Отец дал мне с собой в Грецию колоски пшеницы с Украины. Он всегда чтил народные обычаи и верил в приметы. Зерна из этих колосков я должна была бросить на могилу Костаса в Афинах. Я не стала задавать вопросов, а сделала все, как он сказал. Но зернышки почему-то не взошли на греческой земле. Жаль.
Отец был легко ранимым и чрезвычайно обидчивым человеком. Обиды не забывал.
Как-то он организовал своей внучке Анюте поездку на Украину. Она должна была посетить не только прекрасный город Киев, но и самое дорогое для отца место на земле — деревню Марьяновку, увидеть хату, где он родился... Он ждал возвращения внучки с нетерпением: как там ее приняли, с кем встречалась, о чем говорили? Как там его родная Марьяновка? Было жаркое лето. Отец жил на даче и постоянно посылал Нину Феодосьевну (секретарь И. С. Козловского — авт.) звонить мне в Москву — не появилась ли Анюта. Она задерживалась. Отец ужасно нервничал. Я звонила в Киев. Там сказали, что Анюта уже уехала домой. Отец не выдержал и, чтобы поскорее увидеться с путешественницей, приехал в душную Москву — не мог усидеть на даче. Но “поймать” мою племянницу нам не удалось. Едва заехав в Москву, она тут же уехала с молодежной группой “восстанавливать” какой-то монастырь. Деду позвонить забыла. Мне тоже. Отец не смог этого понять и смертельно обиделся. Он снова поехал на дачу и, по словам Нины Феодосьевны, места себе не находил, страдал. Он отнесся к этому поступку не как к проявлению обыкновенного детского эгоизма или необязательности, которая так часто встречается в поведении молодых людей, но как к предательству.

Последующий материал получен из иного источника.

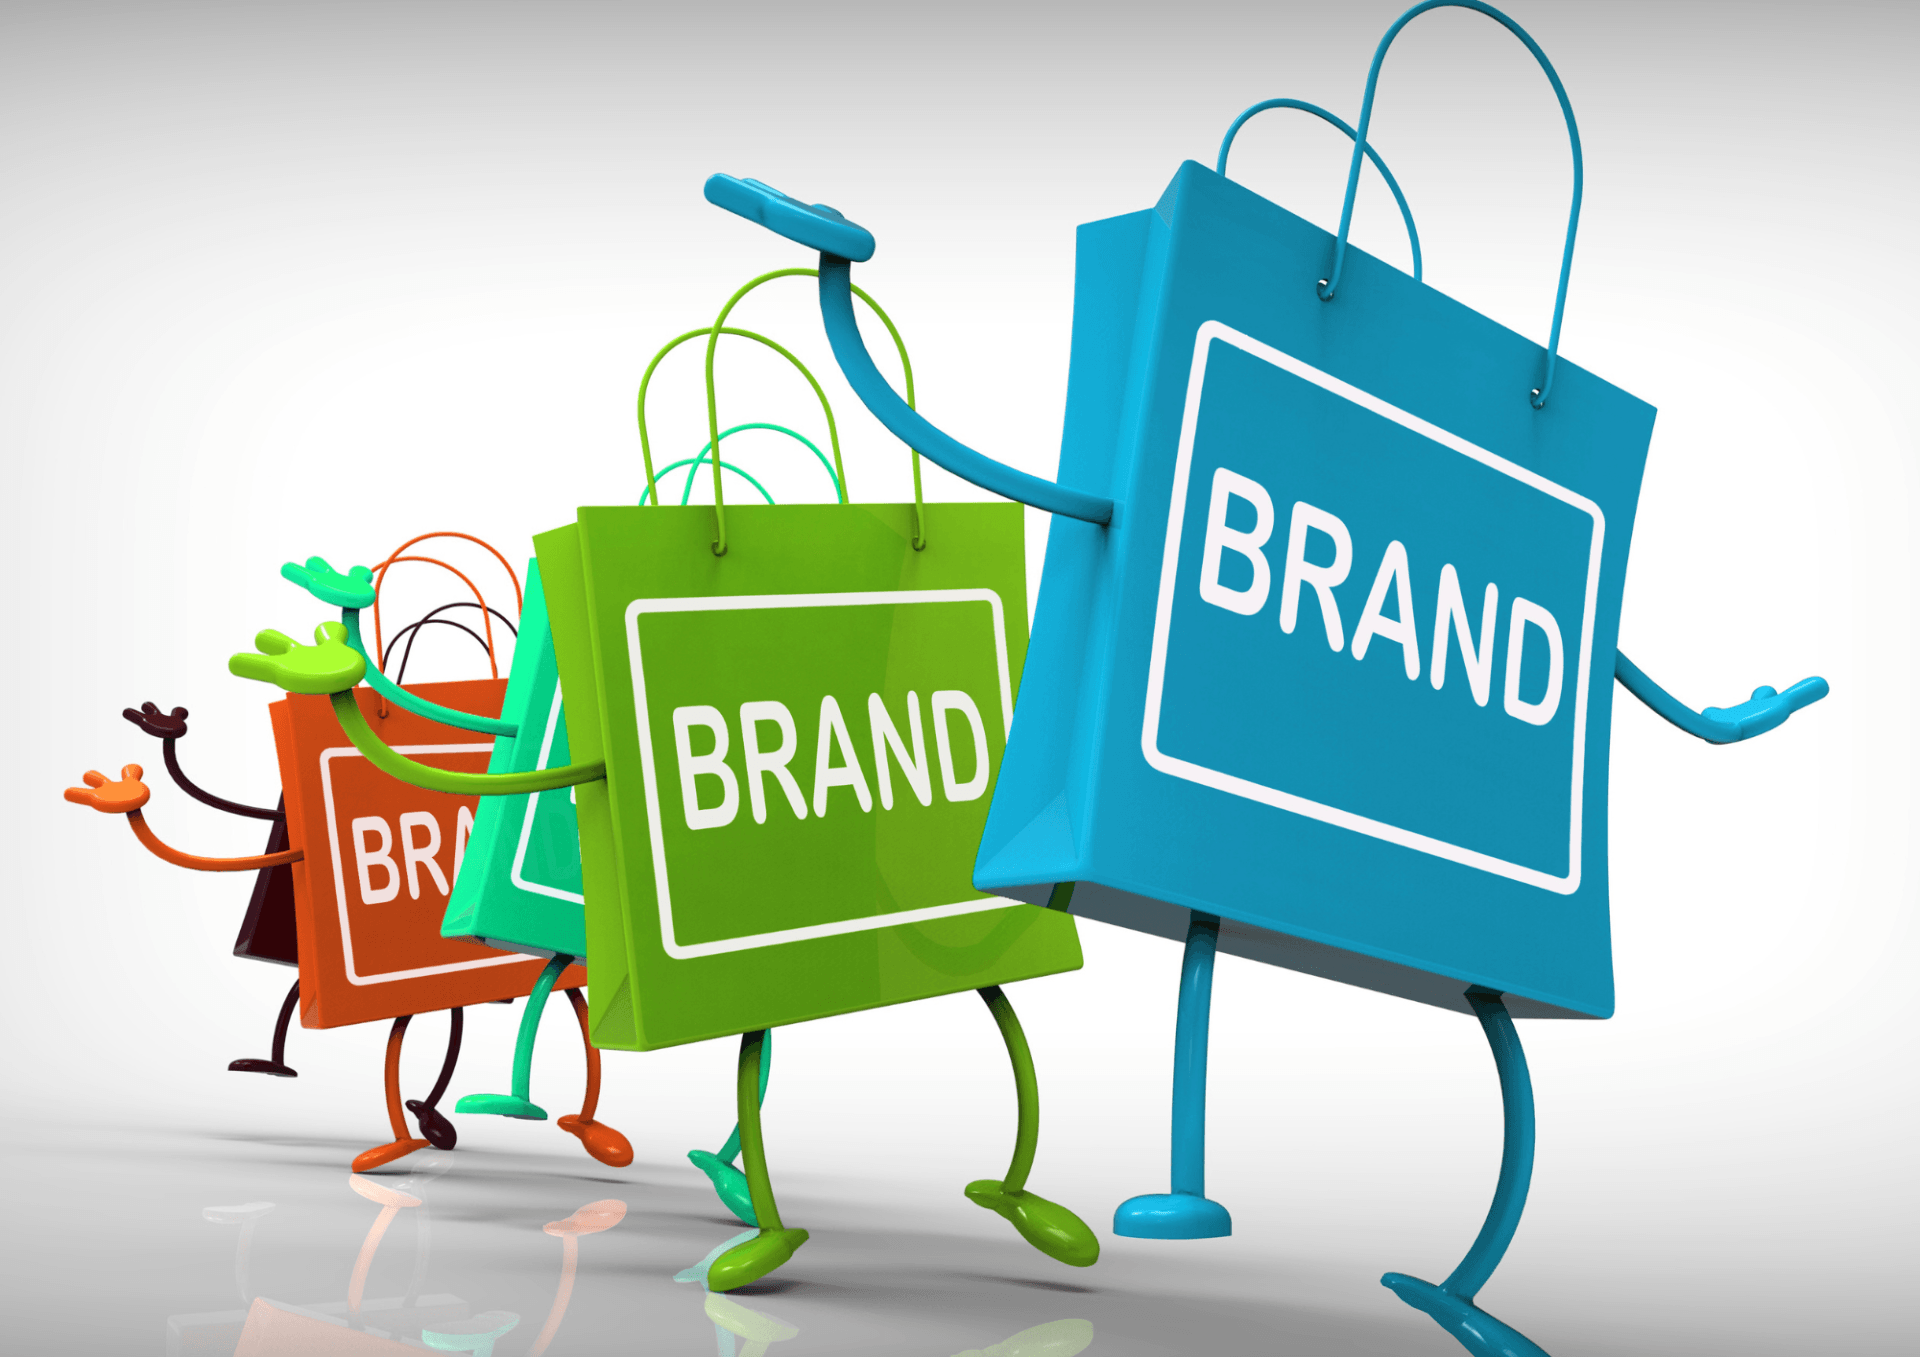 ECOMMERCE CAN BROADEN YOUR BRAND & EXPAND YOUR BUSINESS
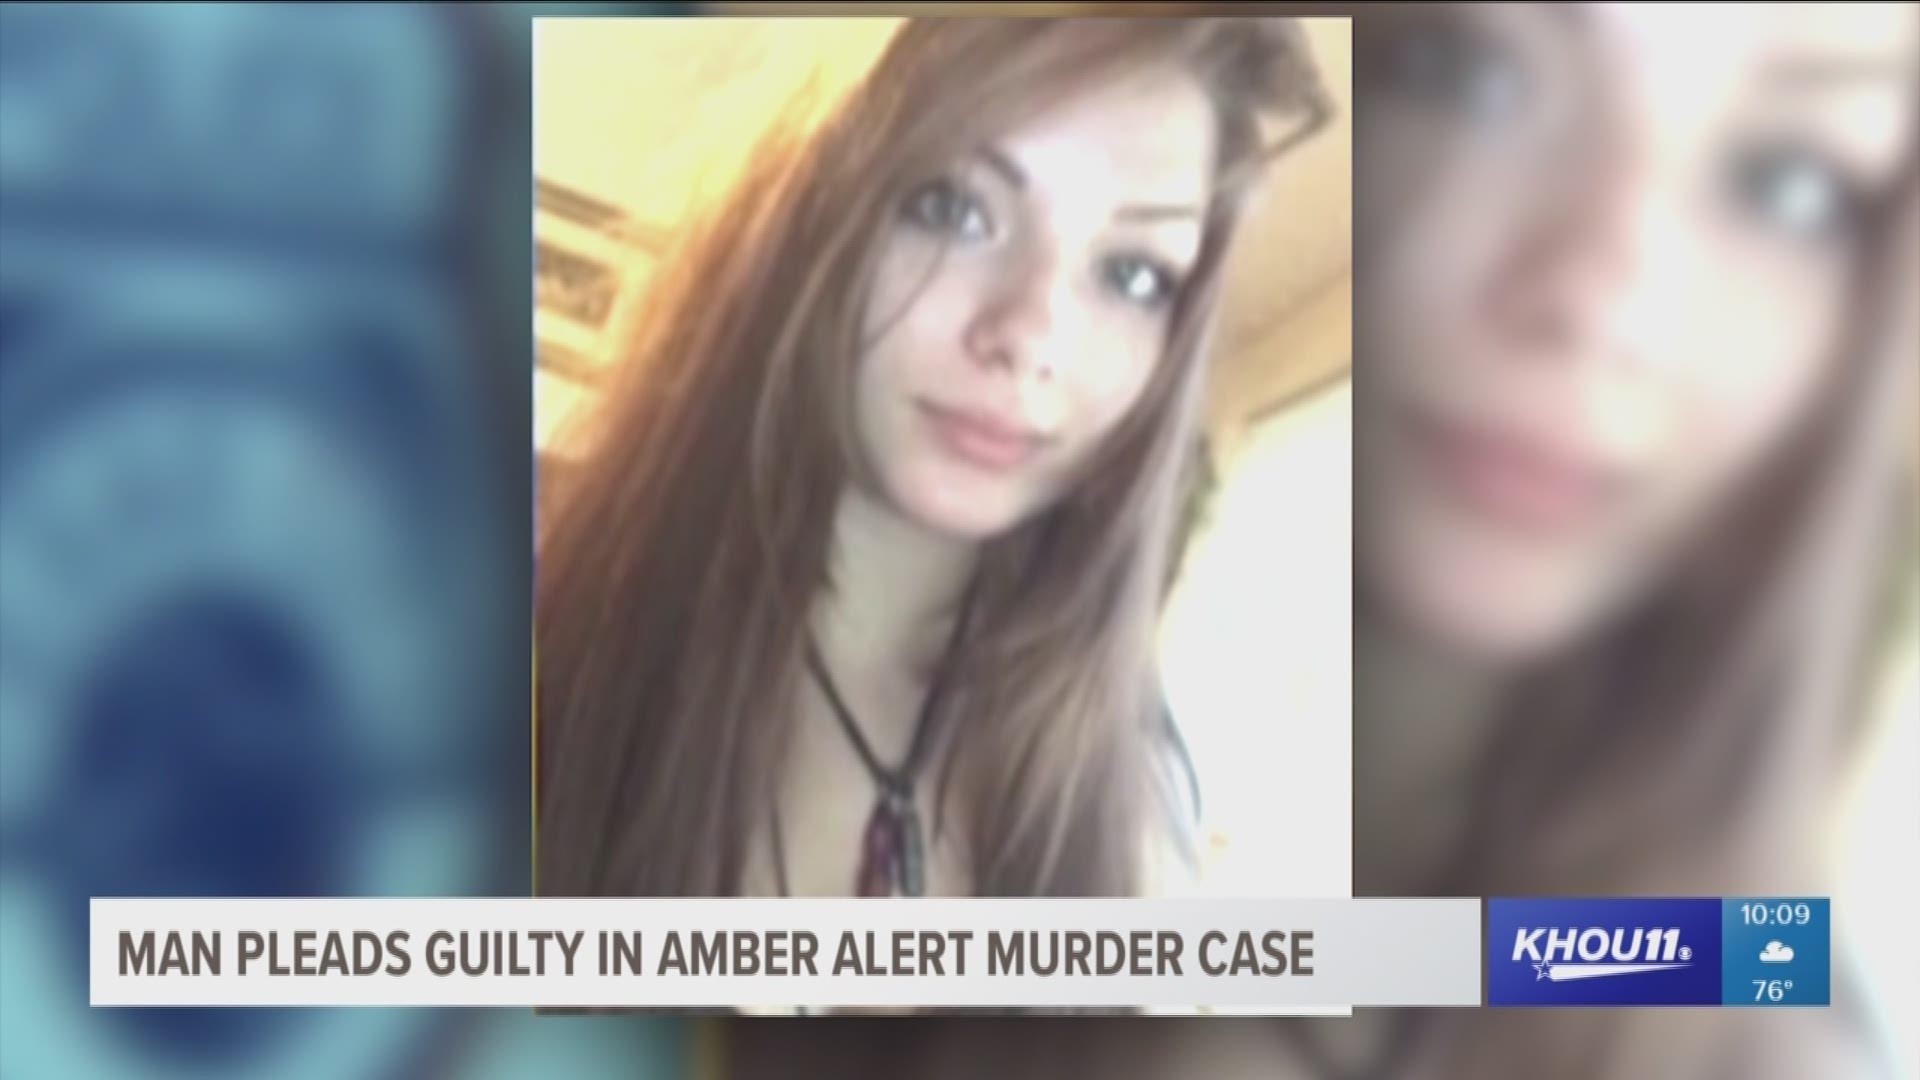 The boyfriend of a teenage girl who was found dead in 2016 pleaded guilty to her murder this week.

Отец склонен был драматизировать события. И еще он судил по себе. Сам-то он был неравнодушным и очень обязательным человеком. И к детям подходил со своими мерками. Эти мерки были очень высоки и порой недостижимы.
С Украиной, своей родиной, отец был связан нерушимыми душевными узами всю жизнь, до самого конца. Он любил Украину преданно и нежно — сыновней любовью. Любил ее обычаи, природу, язык (часто говорил со своей сестрой по-украински). Отец собрал и обработал украинские колядки и был уникальным исполнителем украинских народных песен.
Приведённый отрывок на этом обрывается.